Frankly, I’m glad to be reminded of the messiness of Christmas because messiness perhaps best
describes our lives – yours and mine. While things usually go along well for a time, even for years,
there comes a time when the road becomes rocky, a time when our neat, clean lives are disrupted and
we find ourselves confronted by the messiness, even the dirtiness of the world. If we had to be clean
before God would come to us, what hope would any of us ever have to receive God?

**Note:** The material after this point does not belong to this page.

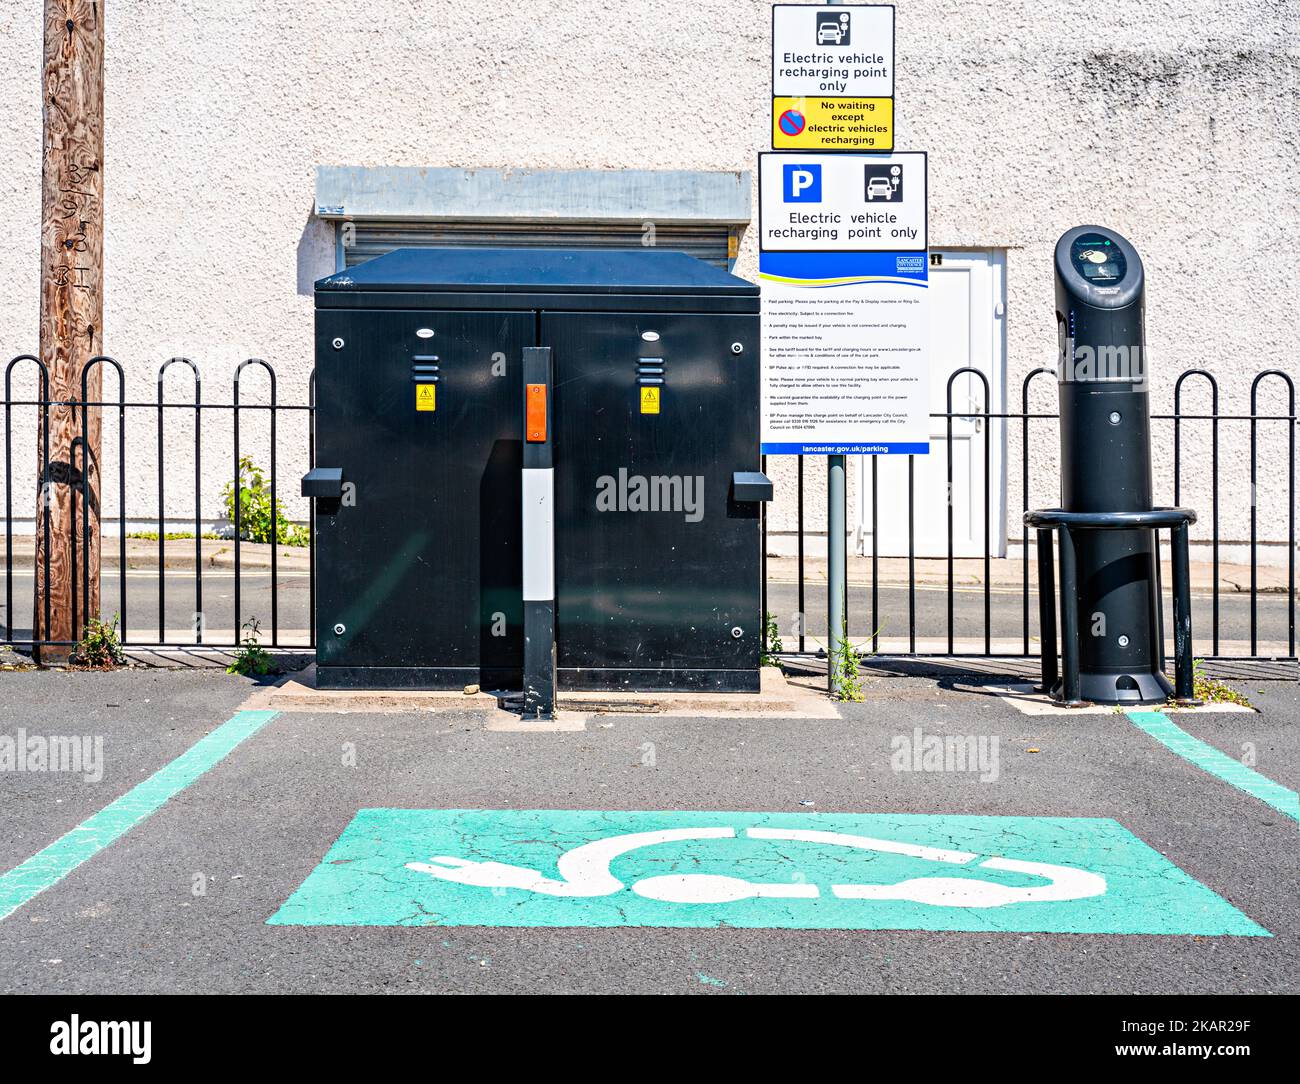 Electric vehicle recharging point in Morecambe, Lancashire, UK Stock Photo

Our world, even our lives at times, are messy and dirty. How else do we describe a family struggling
with alcoholism; a family where lying and cheating and abuse are standard, where “normal” is really
“abnormal?” Or how else can we describe that which confronts the homeless – living in a shelter with
no privacy, no security, and little chance for escape? Or how better could we describe the hungry –
those who sort through trash cans, or who wait for a cupful of rice, or who must pathetically watch as
their children’s stomachs become bloated and their eyes sink into their skulls from malnutrition? Much
of the world is terribly messy and dirty. Even our own lives can accurately be described as messy and
dirty at times, not just because we’re sinners, not just because of the things we’ve done, and do; but
because we’re also victims. Sometimes it’s as if we too are living in a messy, dirty stable. Our lives,
too, are anything but neat. We’re confronted by decisions which are complex and difficult. Changes,
even for the better, create stress which makes life anything but smooth. We’re faced with disease and
injuries which cause restrictions in our lives, and uncertainty about our future. Often our pasts reach
out to upset the routine with which we’re comfortable and create tension and pain for us once again.
Finally, we’re all growing older which in itself forces us to acknowledge our limitations and our
ultimate frailty.
Despite our tidy Advent conspiracies to sweep unpleasant human affairs under a carpet of oppression,
repression and denial, into our world has come the One who has made an important distinction:
human messiness is not ugliness, and cleanliness is not a precondition of grace or justice. For amid
the disorder of being human come faith’s severest hardships – but also its greatest meaning and joy.
This Christmas story in its queasy details outlines what really happened: Jesus was born Immanuel,
God with us in all our earthly glory, and in all our earthly mess.
The greatest meaning of Christmas is that our God is one who loves us enough to enter our lack of
order, our humanity and our untidy human affairs. And by becoming human, humanity finds
redemption, not by being clean and neat, not by perfectly obeying the law, or by solving all our own
problems. No, we find redemption through Jesus Christ, the one who was willing to enter into our
messy, sometimes even dirty lives, and offer us release from our sin, freedom from our guilt, and hope
for life everlasting. Perhaps as we continue to look at the beautiful nativity scene we have here, and
where ever else you may see this wonderful scene, you’ll be reminded of the pain and smells of the
first Christmas, and know that Jesus is just as happy to come into the stables of our lives as well.